Misplaced attention. Attention is a critical element of our cognitive system, and affects what information developers perceive as relevant, how developers interpret error messages, and so forth. Biases can cause developers to misplace their attention causing them to spend time working on issues that are irrelevant to the current task.
When P4 tried to debug his query function which was returning nil, he thought the problem could be an incorrect query syntax.[26:28] “This is the API for Clojure and I’m looking for something that tells me how to check if a list contains a vect.” He became so focused on changing his syntax (CB3) that he did not notice the syntax highlighting was no longer working and his environment had failed (CB8).
Biases affect multiple aspects of problem-solving during development. Specifically, biases affect how adequately developers explore the solution space, how thoroughly they engage in sense-making, how effectively they retain context, and how efficiently they invest their attention.
To add further evidence that biases occur frequently in practice, we interviewed 16 developers asking them: “how often do you think developers act under [bias category]?”
Figure 2 shows the perceived frequency of occurrences for each bias; ranging from “Almost never” to “Always.” The frequencies are indicated by hues of red.
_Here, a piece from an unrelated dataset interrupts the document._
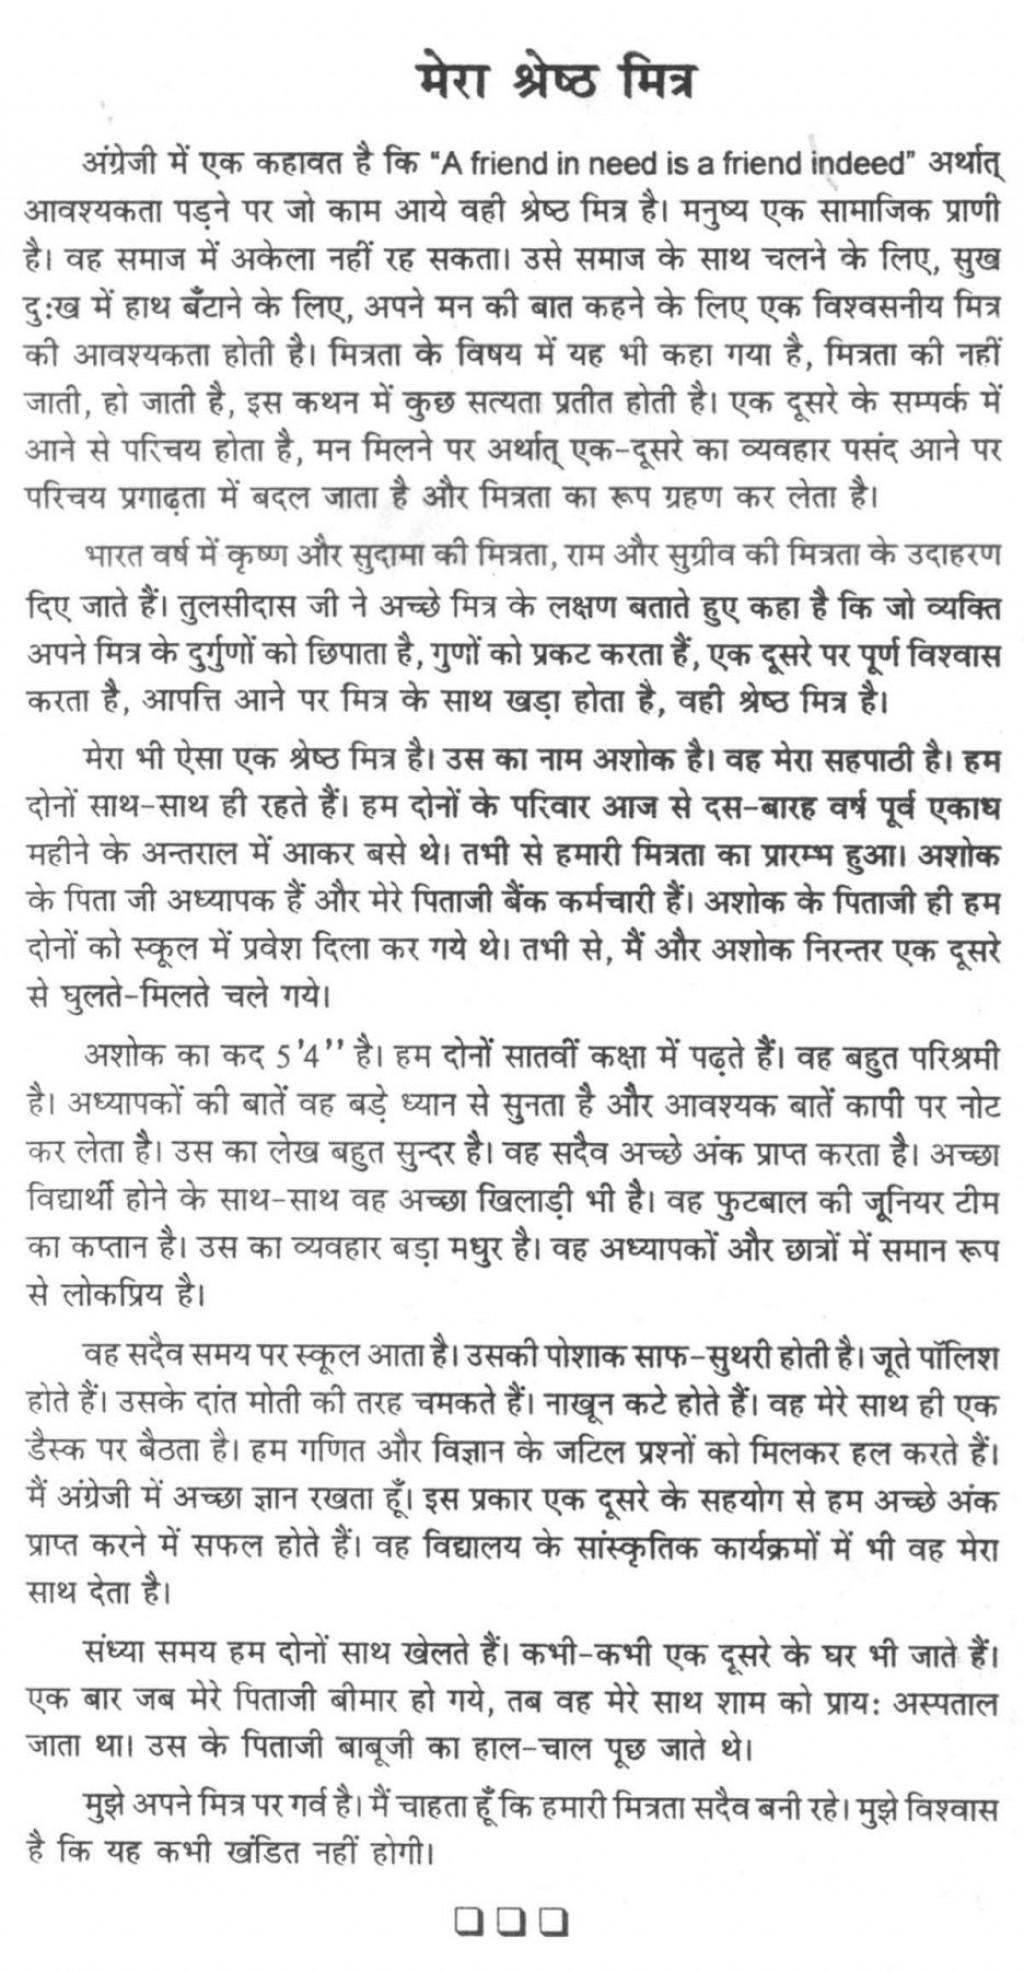 001 Essay Example Qualities Of Good Friend Thumb Teacher Great Characteristics Pdf In Hindi Three Free Language Urdu Exceptional A Short Large

Dark red bars denote high frequencies (Often, Always), with their percentages reported far right (for example, 81% of interviewees considered CB10 to be frequently occurring). Light red bars denote low frequencies (Almost Never, Rarely), with percentages reported far left (for example, 6% found CB10 to be infrequent). Grey bars in the center reflect the frequency of “sometimes” responses, which is considered neutral within subsequent analysis.
Figure 2. Perceived frequency of biases from interviews ranging from “Almost Never” to “Always.” Bias categories are ordered in descending order from most to least frequent (shown in %).
Overall, interviewees perceived biases to occur frequently in software development (Figure 2), matching our observations. For example, when talking about Convenience bias (CB6), IP12 said:[32:12] “It happens all the time! … It’s the story behind why technical debt happens! Three months and then you go and ask why on earth is this failing? And when you look back and somebody overwrote something because it was easier. And it screwed up everything!”
Memory (CB10), Convenience (CB6), and Preconception (CB1) bias were ranked highest in perceived frequency. These ratings are, at least, partial confirmation of our empirical findings, as Convenience (CB6), Fixation (CB3), and Preconception (CB1) were likewise in the top five most observed biases. However, for Memory bias (CB10) and Subconscious Action (CB7), the actual frequencies do not match with developers’ perceived frequency.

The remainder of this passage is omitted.